Reputation: 107
I trying to see if there is a more efficient way to write if elif statement. Writing an API to generate a url based on the number of parameters the class is called.
For Ex:
def Cars(self, model=null, color=null, miles=null)
if model == null and color == null and miles ==null:
url = cars/
elif model != null and color == null and miles ==null:
url = cars/model=%s)% model
elif model != null and color != null and miles ==null:
url = cars/model=%s/color=%s)% model, color
else url = someting
return url
I have more than 10 parameters and don't want to write that many elif statements with all the combinations..
Upvotes: 0
Views: 1036
Reputation: 3803
Like chepner's answer (and others in the comments), my thought was to use
keyword arguments. However, rather than using url += ...

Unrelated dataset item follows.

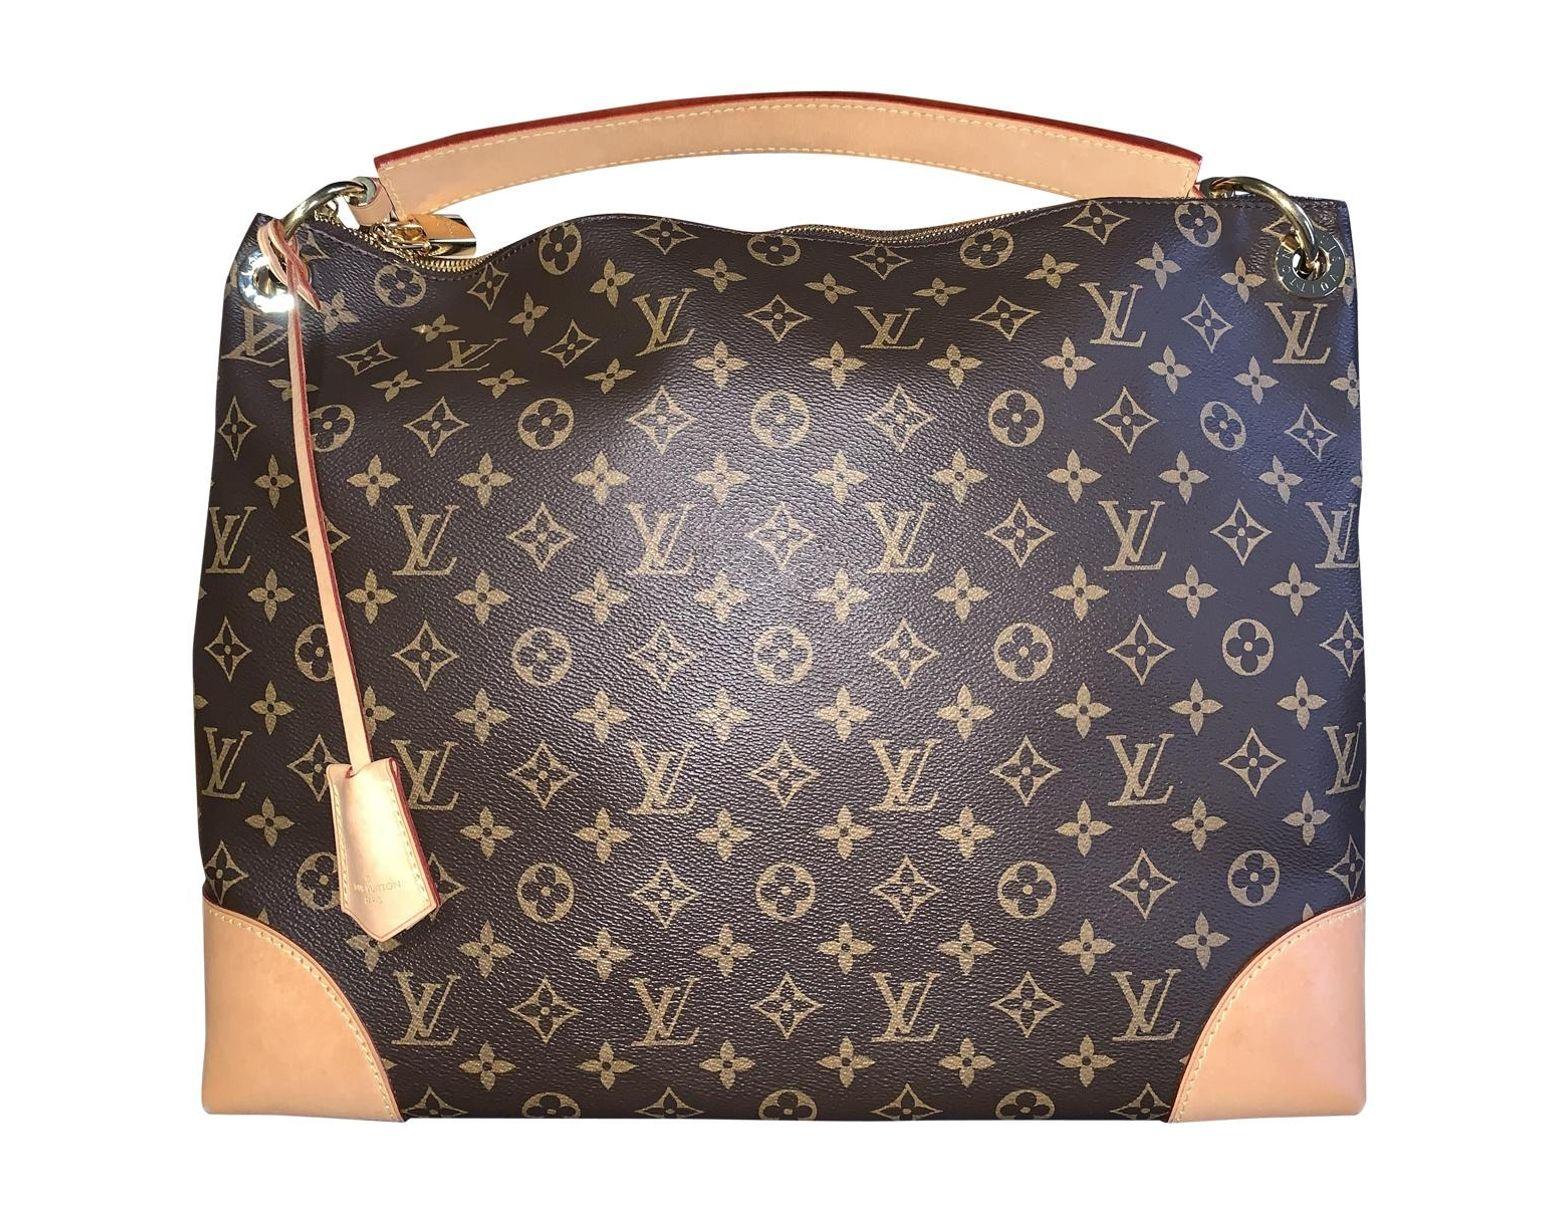 af686feb87 Sac à main Berri en toile Louis Vuitton en coloris Marron - Lyst

each time through the loop, my approach is generally to append the parameters to a list, and then use .join()
to create the final string once the parameter list has been created. That way I don't have to worry about whether I'm formatting the string correctly; I can let Python take care of that headache.
I only post this to demonstrate an alternate method using the same starting point.

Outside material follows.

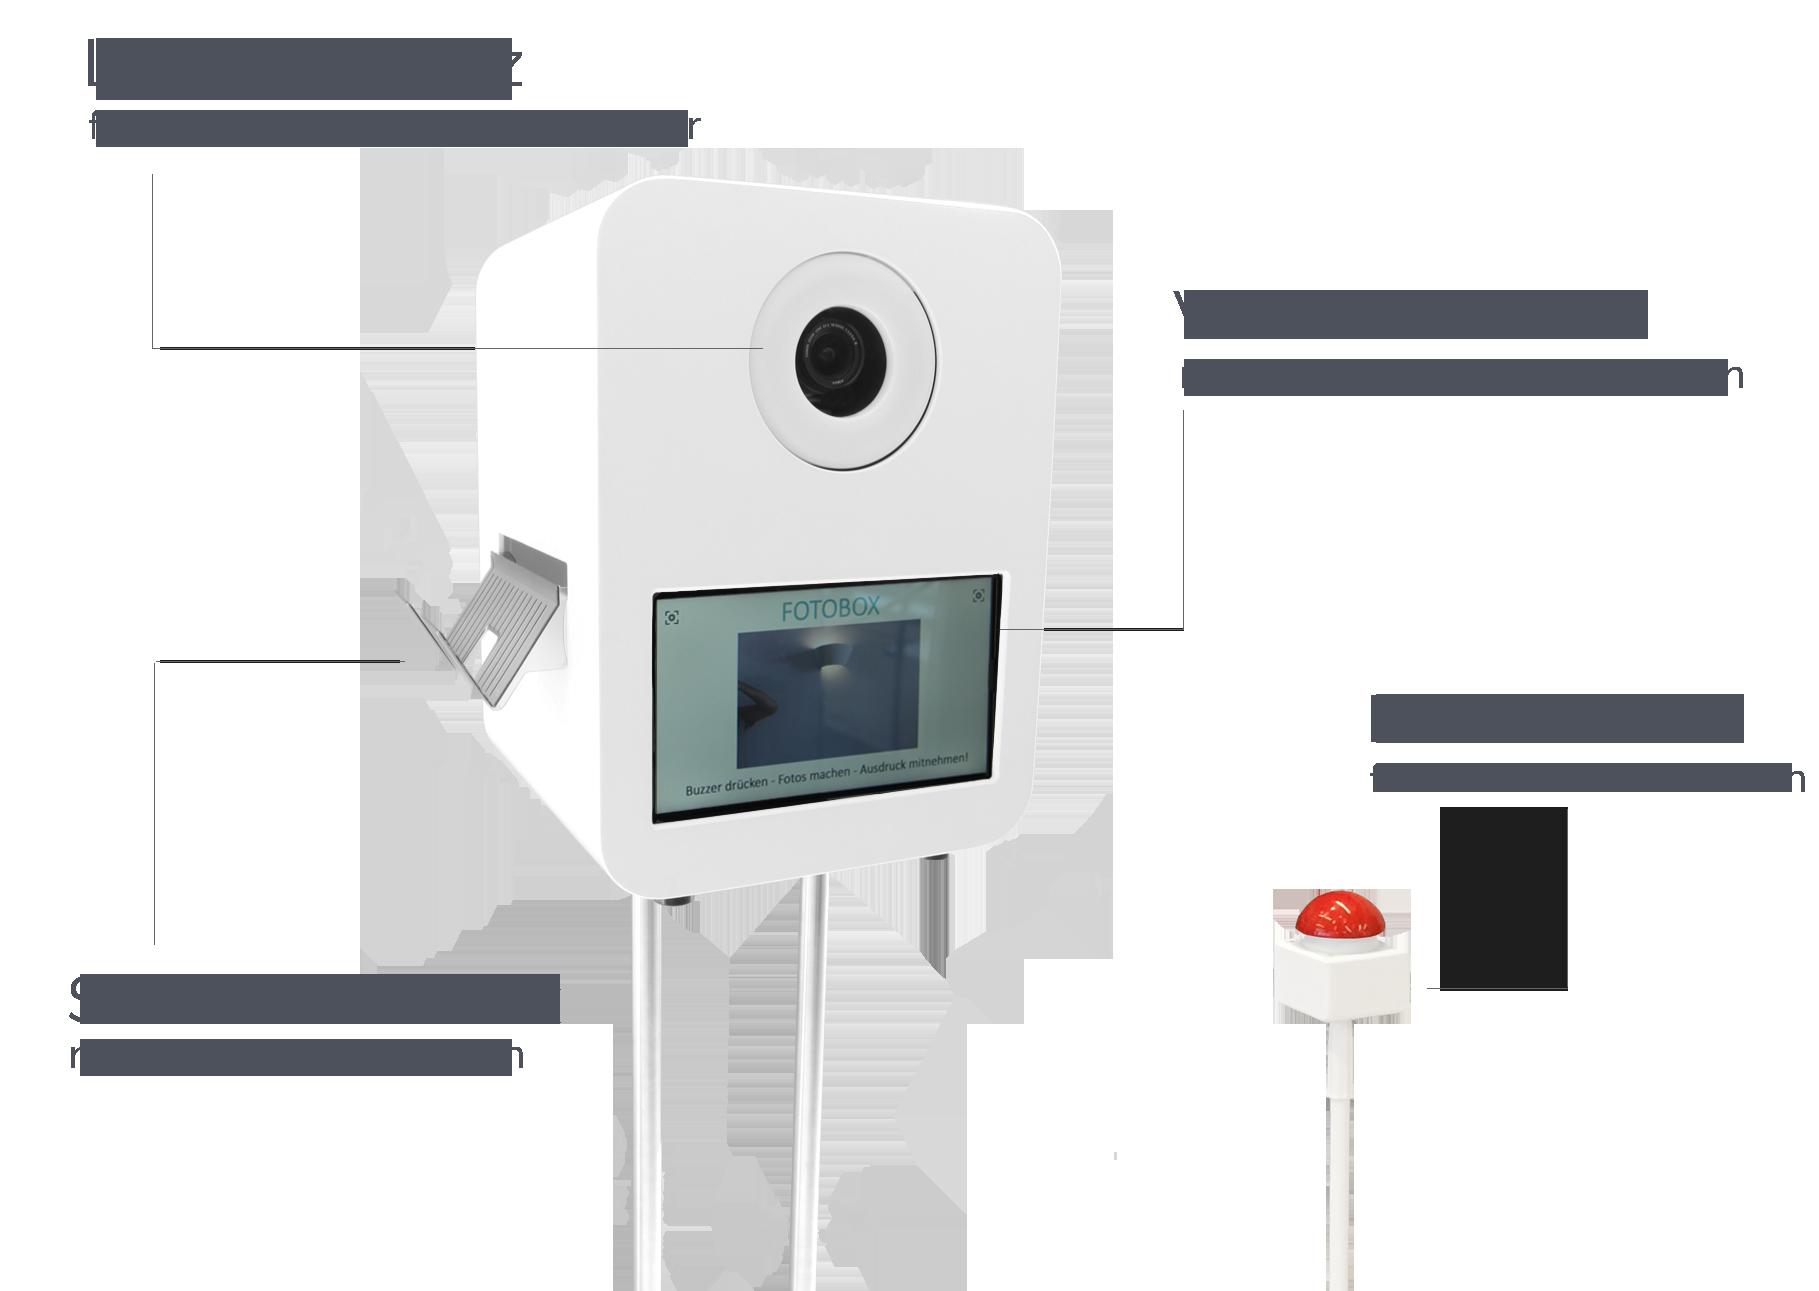 fotobox-wuerzburg-bedienung

def cars(**kwargs): # If using as part of a class, would be cars(self, **kwargs)
params = []
for key in kwargs.keys():
# Append `key=value` to `params`.
if kwargs.get(key):
params.append('{!s}={!s}'.format(key, kwargs[key]))

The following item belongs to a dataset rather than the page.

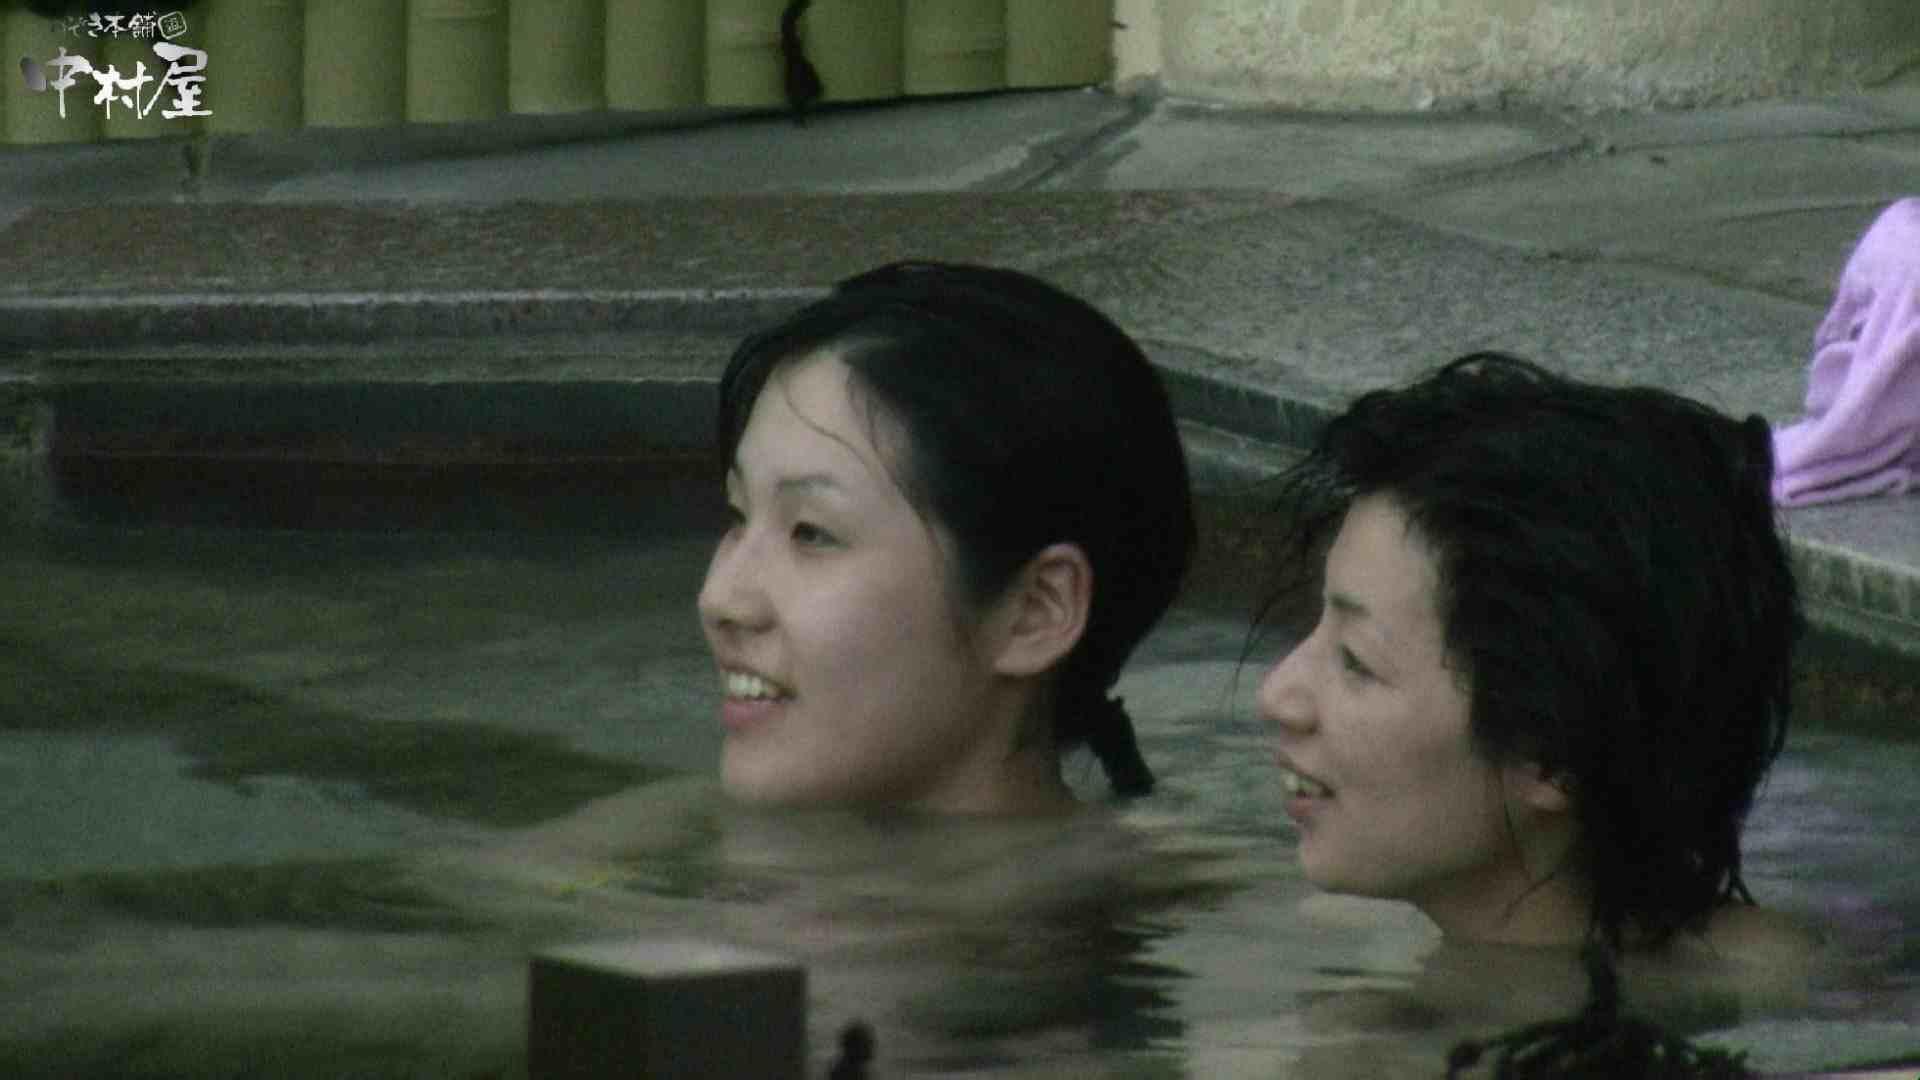 Aquaな露天風呂Vol.983 0  78pic 22

url = '/cars?{!s}'.format('&'.join(params))
return url
print(cars(make='Ford', model='Taurus', year=2000, colors='white'))
Upvotes: 0
Reputation: 11831
If you are simply patterning your url, where each parameter gives a substring to the url, you can do something like this:
url = 'http://foo.com/'
if model is not None:
url += 'model={}'.format(model)
if color is not None:
url += 'color={}'.format(model)
if miles is not None:
url += 'miles={0:.1f}'.format(model)
If you don't need any custom formatting per parameter, you can collapse all of that to this:
url = 'http://foo.com/'
for parameter in ['model', 'color', 'miles']:
url += '{}={}'.format(parameter, locals()[parameter])
Upvotes: 0
Reputation: 412
Ignoring all your mistakes in the code... what about:
url = "cars"
if model:
url += "/model={}".format(model)
if color:
url += "/color={}".format(color)
if ...
Upvotes: 0
Reputation: 1713
You could perhaps do something like this:
def Cars(self, model=null, color=null, miles=null)
url = "cars/"
if ( model ) :
url += "/models=%s" % model
if ( color ) :
url += "/color=%s" % color
if ( miles ) :
url += "/miles=%s" % miles
return url
In writing it this way, you'll avoid having to use combinatorics. In your code, you'll have 9 if..else statements, here we have only three.
Upvotes: 0
Reputation: 531420
The attributes don't appear to be dependent on each other; handle each one separately:
def cars(self, model=None, color=None, miles=None)
url = "cars"
if model is not None:
url += "/model=%s" % (model,)
if color is not None:
url += "/color=%s" % (color,)
if miles is not None:
url += "/miles=%s" % (miles,)
return url
This leads to the realization that you probably want to accept arbitrary keyword arguments, and check for the existence of a specific set:
def cars(self, **kwargs):
url = "cars"
for kw in ["model", "color", "miles"]:
if kwargs.get(kw) is not None:
url += "/%s=%s" % (kw, kwargs[kw])
return url
This ignores the issue of whether or not the string you are building is, in fact, a valid URL.